CV
Education
- PhD, Engineering (Computational Neuroscience & Machine Learning), University of Cambridge, 2024-
- Thesis: “Contextual inference for continual reinforcement learning”
- Advisors: Prof. Máté Lengyel, Prof. Guillaume Hennequin
- MSc, Scientific and Data Intensive Computing, UCL, 2023-2024
- Thesis: “Machine learning methods for causal discovery in observational time series data”
- Advisors: Dr Nikos Nikolaou, Prof. Ricardo Silva
- MSci, Biological Sciences (Computational Biology), UCL, 2018-2022
- Thesis: “Species delimitation from genomic data under the multispecies coalescent model with migration”

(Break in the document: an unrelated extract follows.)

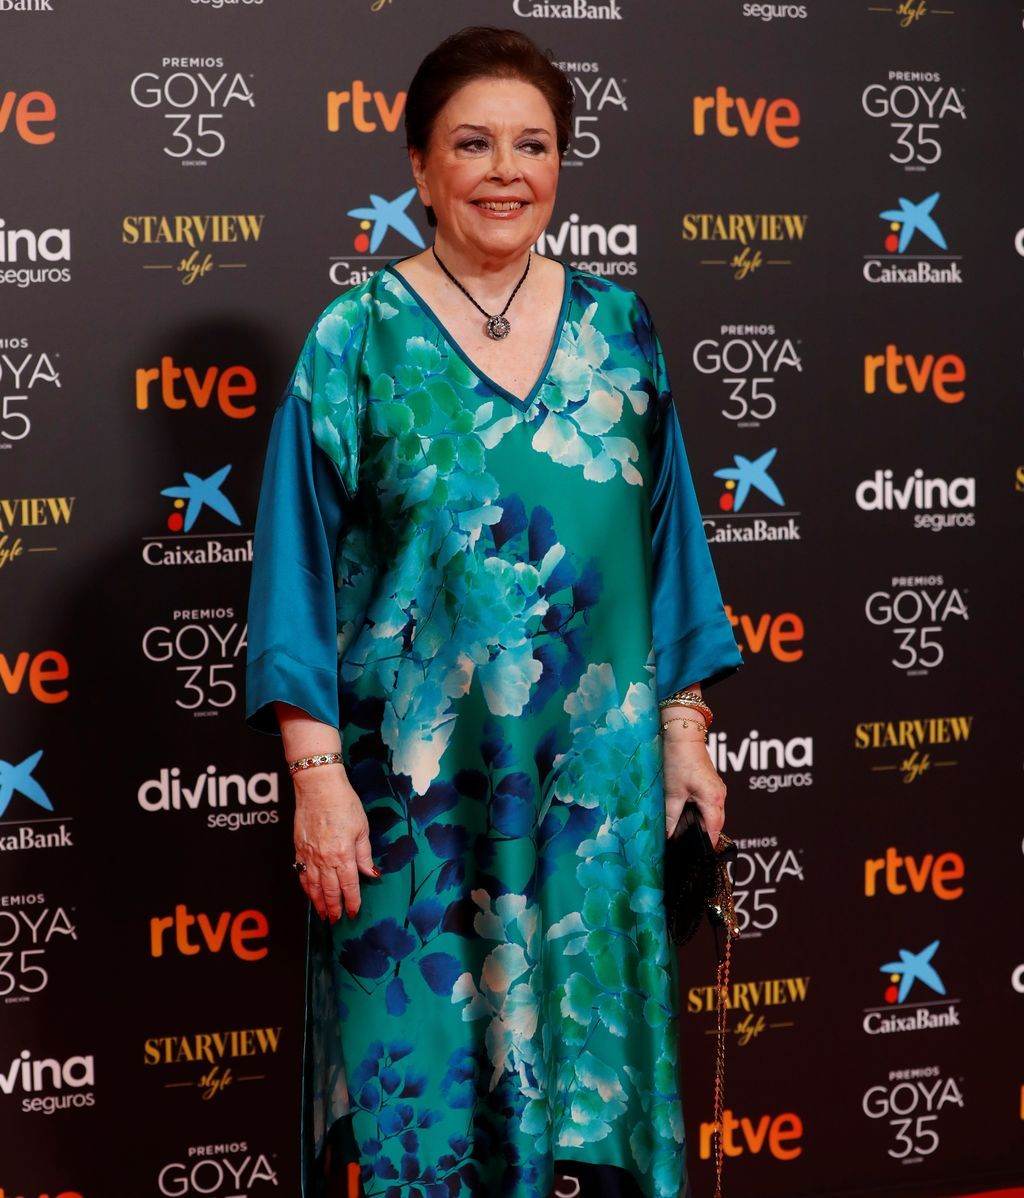 Mónica Randall en la alfombra roja de los Premios Goya 2021

- Advisors: Prof. Ziheng Yang, Dr Tomas Flouris
Research experience
- Academic Visitor, Systems & Signals Group, Department of Mathematics, Imperial College London, 01/2023-10/2023
- Researching ODE and SDE models of clonally expanding mtDNA mutations in neurodegenerative disease. Investigating analytical solutions, and implementing numerical simulations in C++
- Research Associate, Ziheng Yang Lab, UCL Centre for Life’s Origins and Evolution, 06/2022-06/2023
- Conceptualizing an innovative method for heuristic species delimitation under the multispecies coalescent model with gene flow, and implementing it as a Python package
- Research Intern, Secrier Lab, UCL Genetics Institute, 06/2021-12/2021
- Identification a reduced genetic signature of tumour quiescence from single cell RNA-seq data using machine learning. Developing an R package for the identification and diagnosis of tumour quiescence from patient samples.